The group of 99 term neonates with HIBI demonstrating partial, prolonged patterns of injury were imaged in the chronic phase of injury, with the average age at the time of imaging being 6 years. This sample (n = 99) included 41 female patients and 58 male patients and were categorized into 7 subtypes, as shown in Fig 1. Table 1 highlights the prevalence, type, and severity of thalamic injury in children with each subtype of partial, prolonged HIBI in relation to the cortical injuries located in the frontal, parietal, occipital, peri-Sylvian, and hindbrain regions. There was a high degree of correlation of the MR imaging features between both readers with no major discrepant findings. Lobar involvement was shown to be high across all 4 cerebral lobes in descending order: occipital (91.9%), parietal (89.9%), frontal (88.9%), and temporal lobes (84.8%) (Table 1). In the subgroup of patients who demonstrated all 3 watershed zone injuries (9/99), we found injury to the posterolateral margin of the thalamus (adjacent to the posterior limb of internal capsule) and posterior thalamic (pulvinar and lateral geniculate) nuclei on both sides, shown in Fig 2, which we term the “thalamus L-sign.” Overall, the thalamus L-sign was present in 86% (85/99) of patients with prolonged, partial HIBI. Furthermore, subtype 7 with involvement of all 3 watershed zones was the most prevalent HIBI subtype among the 85 (69.4%) patients demonstrating the thalamus L-sign injury.

FIG 2.
FIG 2.

Axial T2-weighted images in a child with partial, prolonged HIBI demonstrating interarterial injuries at the peri-Sylvian (dashed white arrow) and posterior parieto-occipital (solid white arrows) watershed regions. Note the thalamus L-sign (curved arrows in A and highlighted by the loupe in a second patient in B).

View this table:
Table 1:

Key features of the 7 subtypes of partial prolonged/watershed HIBI

None of the patients (n = 10) with isolated anterior watershed injury had a thalamus L-sign. In some cases, signal abnormalities were evident in the anterior thalamus, usually medially and ventrally, but these never included the ventral posterior lateral nucleus. All patients (61/99) in subtypes 2, 3, and 7 showed a bilateral thalamus L-sign. When the anterior and peri-Sylvian watershed zones were involved together (in subtype 4), we noted that half of those patients had a positive thalamus L-sign, but in each of these, the sign was identified unilaterally, only on the side where the peri-Sylvian cortex was destroyed. One patient in subtype 5 had a feint unilateral posterior thalamic hyperintensity on the side where the watershed cortex destruction was more pronounced, but this was not categorized as a thalamus L-sign. The rest of the patients in subtype 5 all demonstrated a bilateral thalamus L-sign. One patient of subtype 6 did not demonstrate the sign; however, the anterior watershed zone was severely destroyed in this instance, with only minimal posterior watershed involvement. This patient's pattern of injury simulates that of subtype 1.

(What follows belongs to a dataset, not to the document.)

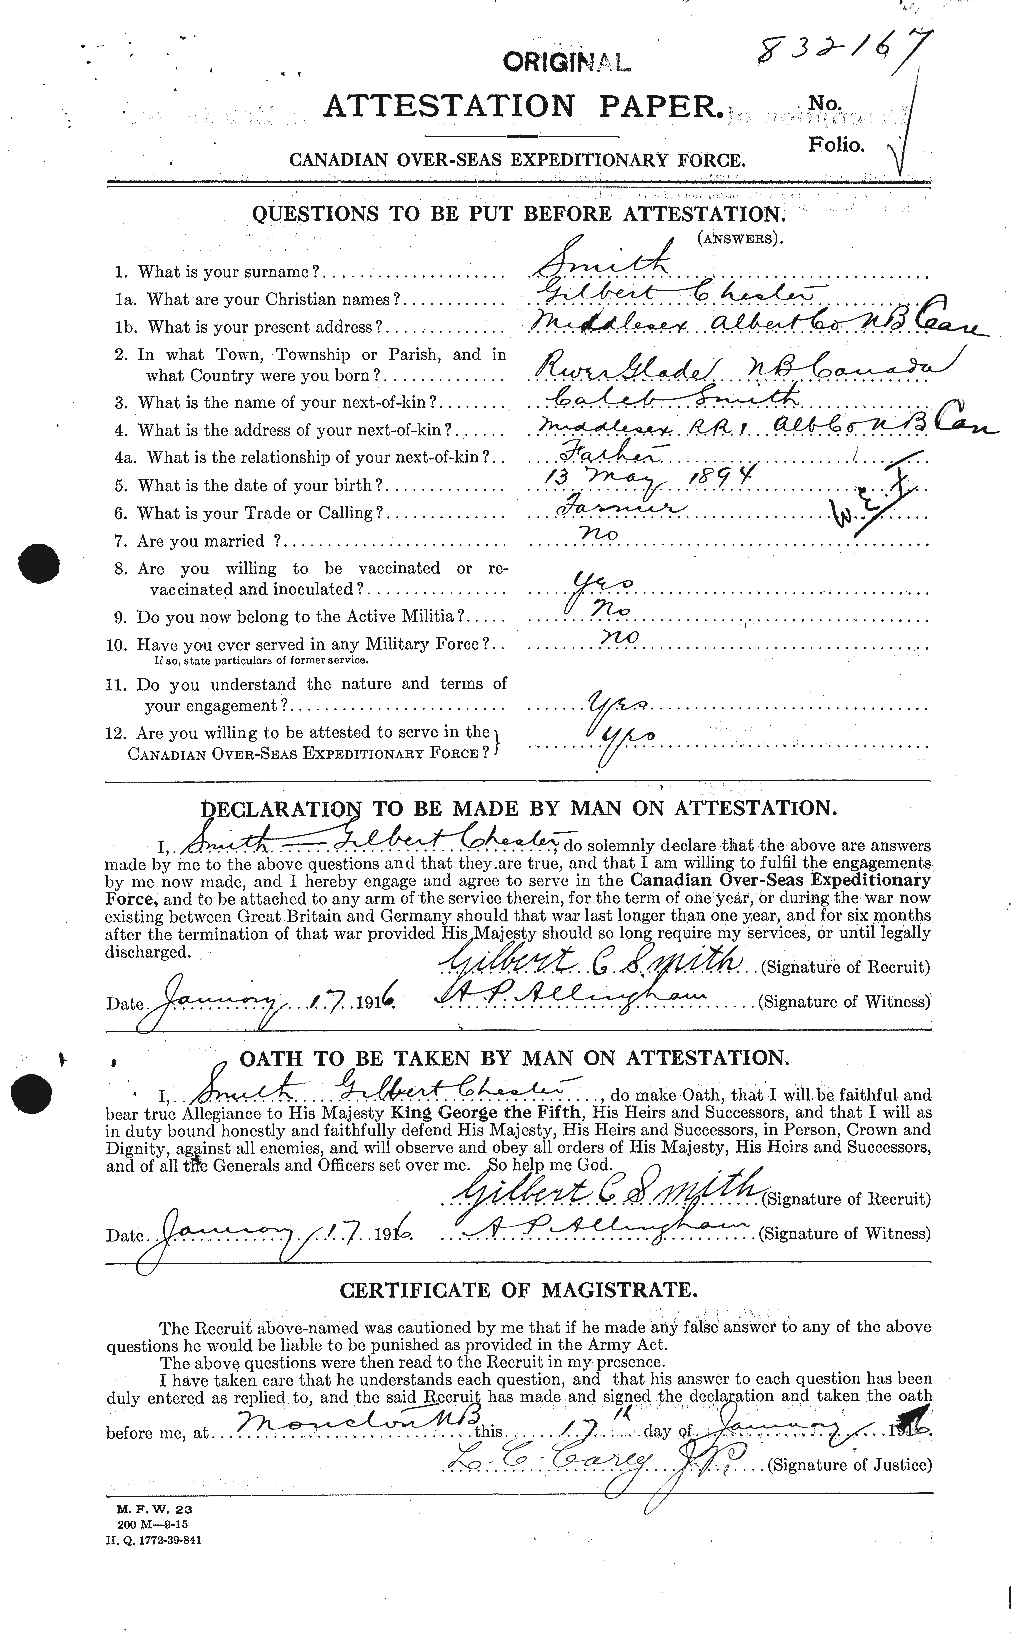 Personnel Records of the First World War - CEF 101510a
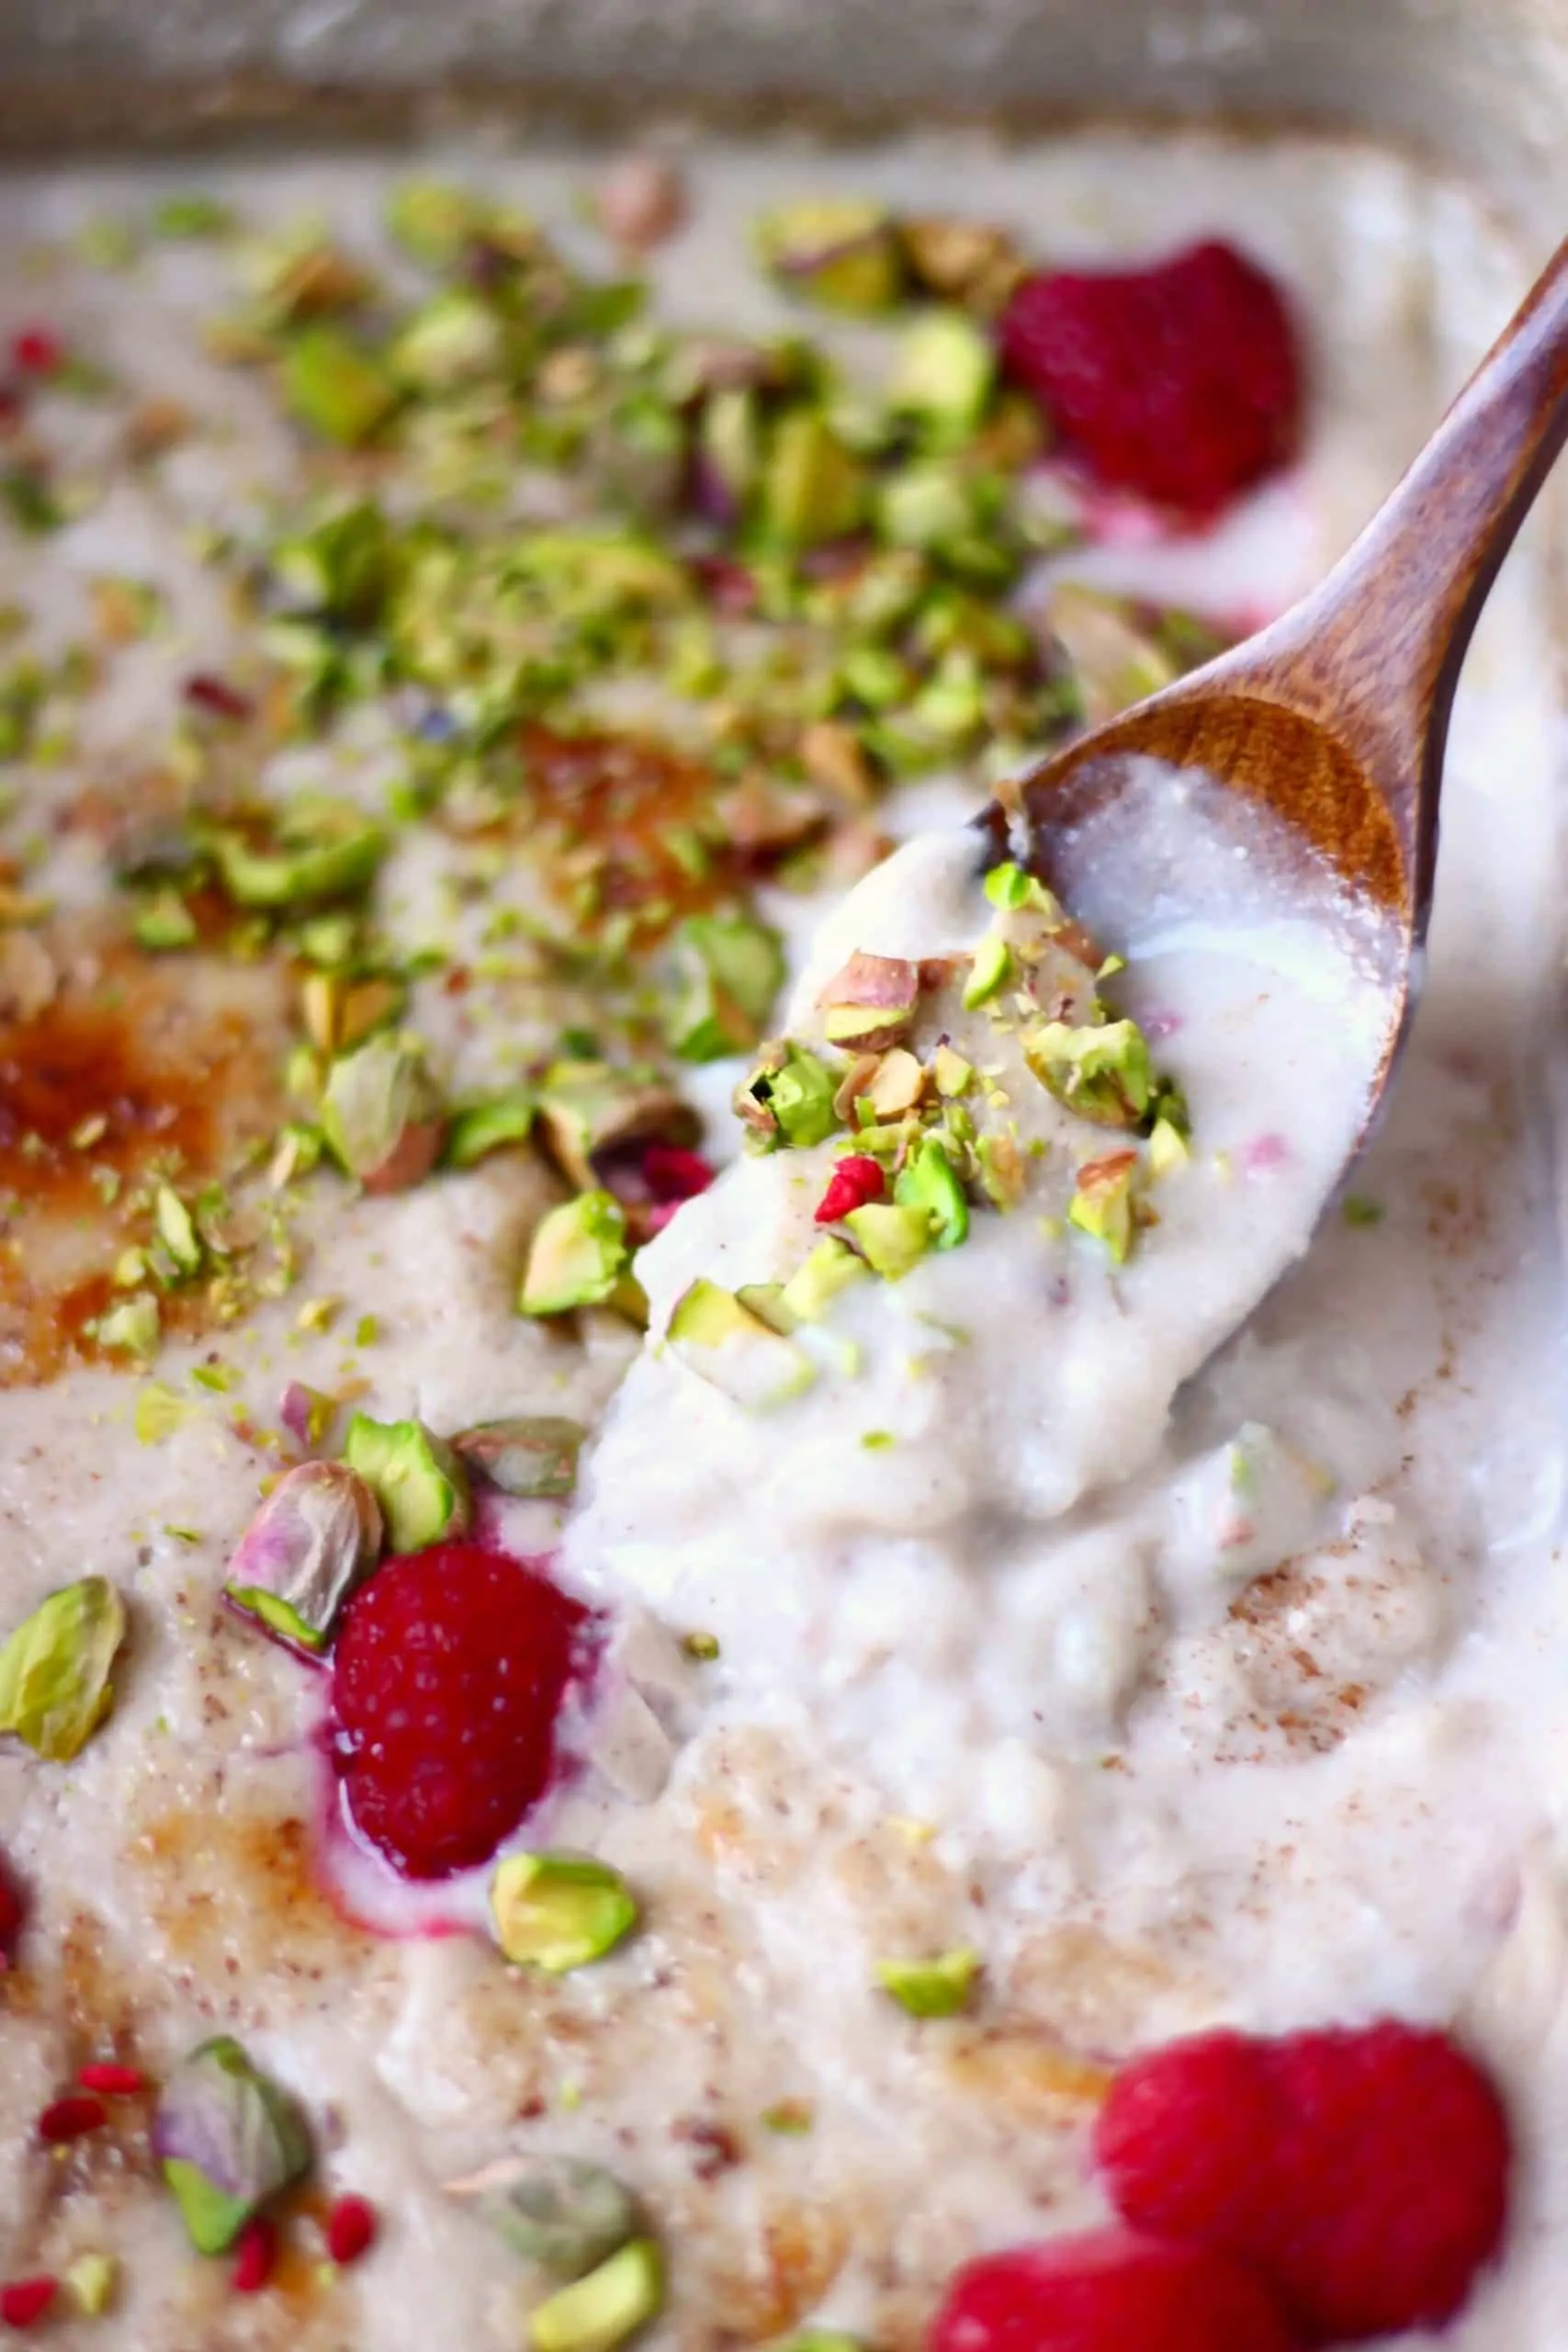 Rice pudding in a rectangular baking dish topped with raspberries and chopped pistachios with a spoon lifting up a mouthful of it

A key correlation is the concomitant injury at the posterolateral thalamus and the lobes involved in the watershed zones of the cerebrum. There were statistically significant differences between the thalamus L-sign injury versus the other types of injuries combined; in particular, injuries involving the parietal, occipital, and temporal lobes were significantly more prevalent in the thalamus L-sign injury compared with other thalamic injuries (nil and atypical) (Table 2). Critically, the risk of experiencing a thalamus L-sign–type injury was 7.38 times higher when an occipital lobe injury was identified compared with when it was not involved (95% CI, 1.18–46.23), and this finding was statistically significant (P = .033). Similarly, the risk of experiencing a thalamus L-sign injury was 3.07 times higher when a parietal injury was present compared with when it was not involved (95% CI, 1.19−7.93), and this finding was statistically significant (P = .020). Notably, the risk of experiencing a thalamus L-sign injury was 2.79 times higher when both parietal and occipital injuries were involved compared with when they were not involved (95% CI, 1.25−6.23), and this finding was also statistically significant (P = .012) (Table 3).

View this table:
Table 2:

Key features involved in thalamus L-sign injury compared with other thalamic injuries (nil and atypical)

View this table:
Table 3:

Factors associated with the thalamic L-sign injury

The risk of experiencing a thalamus L-sign injury was 1.19 times higher when a brainstem injury was present compared with when it was not involved (95% CI, 1.09 −1.30), and this finding was statistically significant (P < .001). The risk of experiencing a thalamus L-sign injury was also higher when the frontal lobe, temporal lobe, and cerebellar injuries were all present compared with when they were not involved; however, this finding was not statistically significant at a 5% level of significance (Table 3).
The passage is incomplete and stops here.